Arteriovenous malformations (AVMs) are an abnormal tangle of arteries and veins that disrupt the blood flow and oxygen circulation in the brain. While AVMs can rupture and result in bleeding in the brain, unruptured AVMs may also cause symptoms like headaches, seizures, and/or neurological deficits. However, for some patients, their unruptured AVMs may not present with symptoms and are discovered by chance, otherwise referred to as incidentally, during unrelated medical care.
Although AVMs in children are extremely rare, representing only 3% of the 3,000 cases diagnosed every year, they tend to rupture more frequently than in adults and can result in serious complications.
To better understand and guide future decision-making for the treatment of unruptured, incidental AVMs in children, UCSF neurosurgery resident Alex Lu, MD, and Chief of Pediatric Neurosurgery Nalin Gupta, MD, PhD, analyzed a database spanning 24 years of pediatric AVM patients who were treated at UCSF. Their study, published recently in the Journal of Neurosurgery Pediatrics, compared the size, vein architecture, and management of incidental vs symptomatic AVMs.

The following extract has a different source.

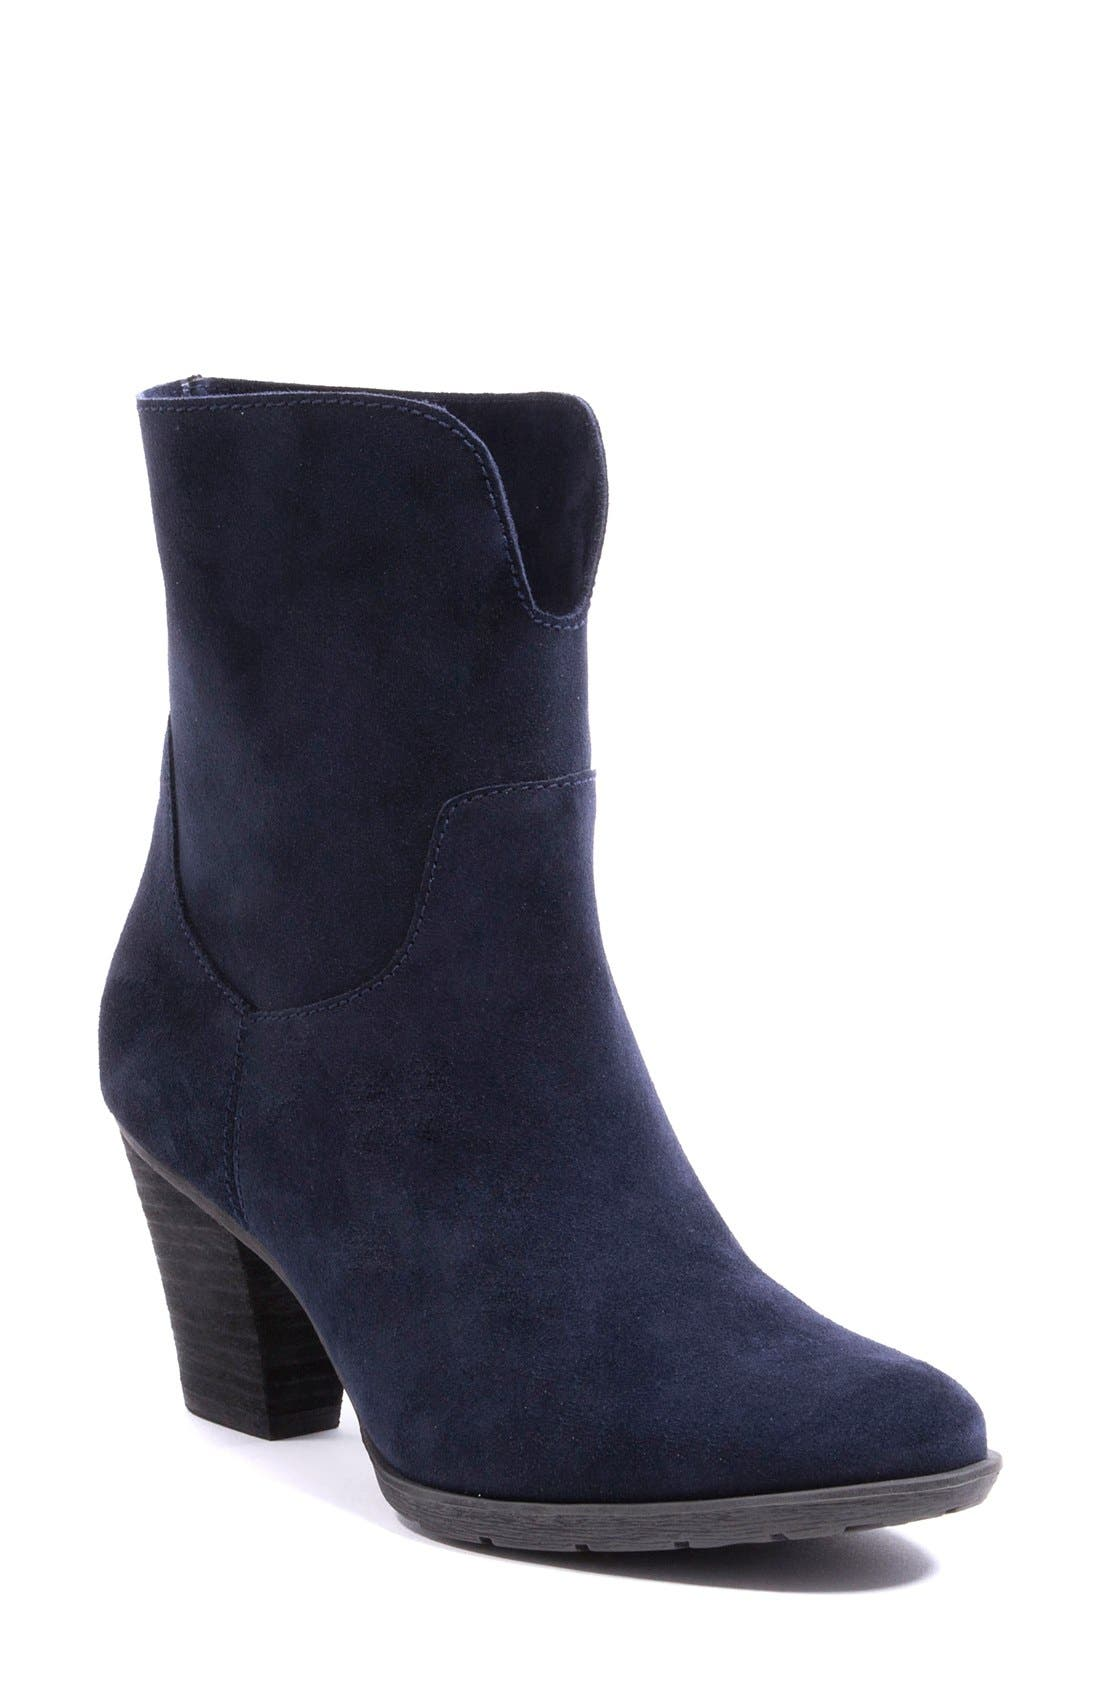 Blondo Fay Waterproof Ankle Boot (Women)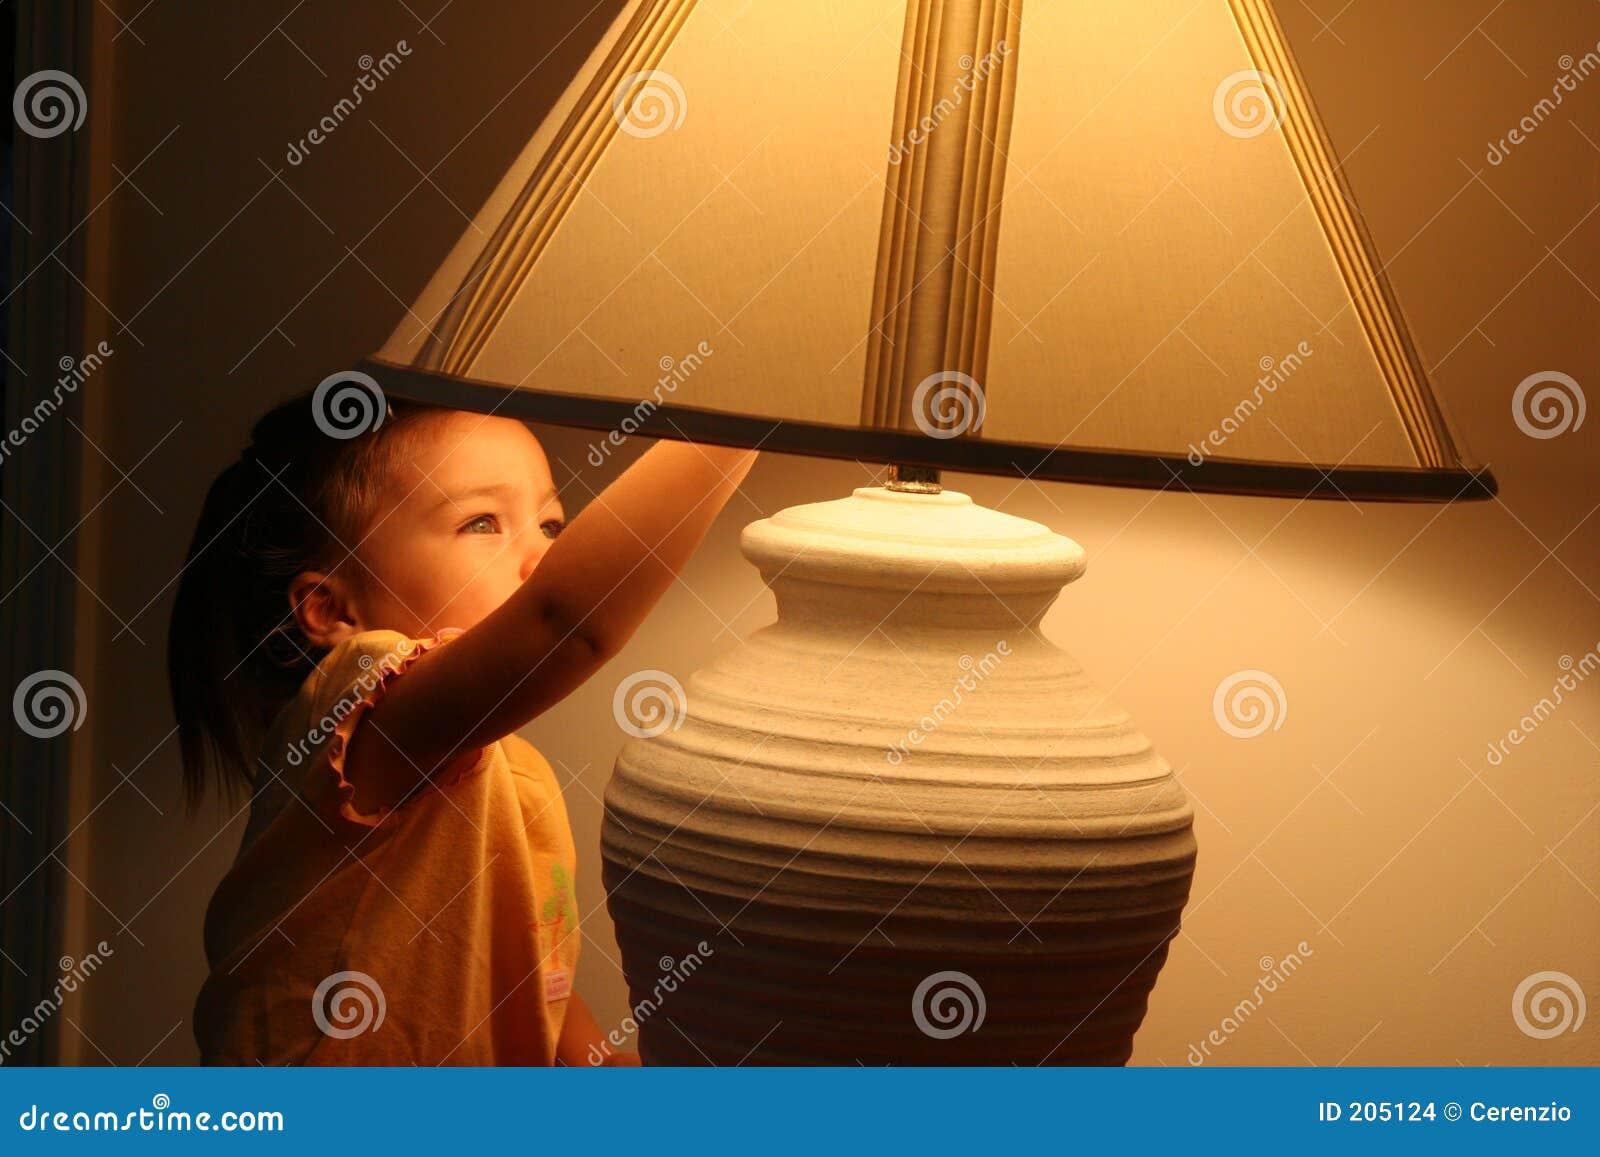 Desligando as luzes

“AVM hemorrhage can result in severe disabilities. Studies like this one allow us to understand how AVMs behave before they have had a chance to hemorrhage, and hopefully lead to early treatment,” said Gupta.
The researchers found that, compared to 66 symptomatic AVM cases, the 10 cases of incidental AVMs in the study comprised of smaller AVMs with veins that were closer to the surface and surgically accessible. The incidental AVMs that were smaller than 3cm were removed surgically.
On the other hand, patients who experienced symptomatic AVMs were found to have larger lesions that were sometimes deeply situated in the brain, which are challenging to surgically access. In AVMs where surgery was not feasible, treatments also included embolization and gamma knife radiation, both minimally invasive options.
As one of the firsts, the study also suggests that pediatric AVMs may grow over time without treatment, as found in a patient with an incidental AVM who presented with recurring headache symptoms and whose AVM demonstrated growth.
“UCSF is a high-volume center and we have the expertise to treat these AVMs very safely. If the AVM is unruptured, the outcomes are excellent. If an AVM was found incidentally in a child, whether it was due to a head injury or through another study, this can help guide the decision-making regarding treatment,” said Lu.
Paper(s) cited:
Lu A Y, et al.
A comparison of incidental and symptomatic unruptured brain arteriovenous malformations in children
J Neurosurg Pediatr. 2023 Feb 17;1-6. doi: 10.3171/2023.1.PEDS22541. Online ahead of print.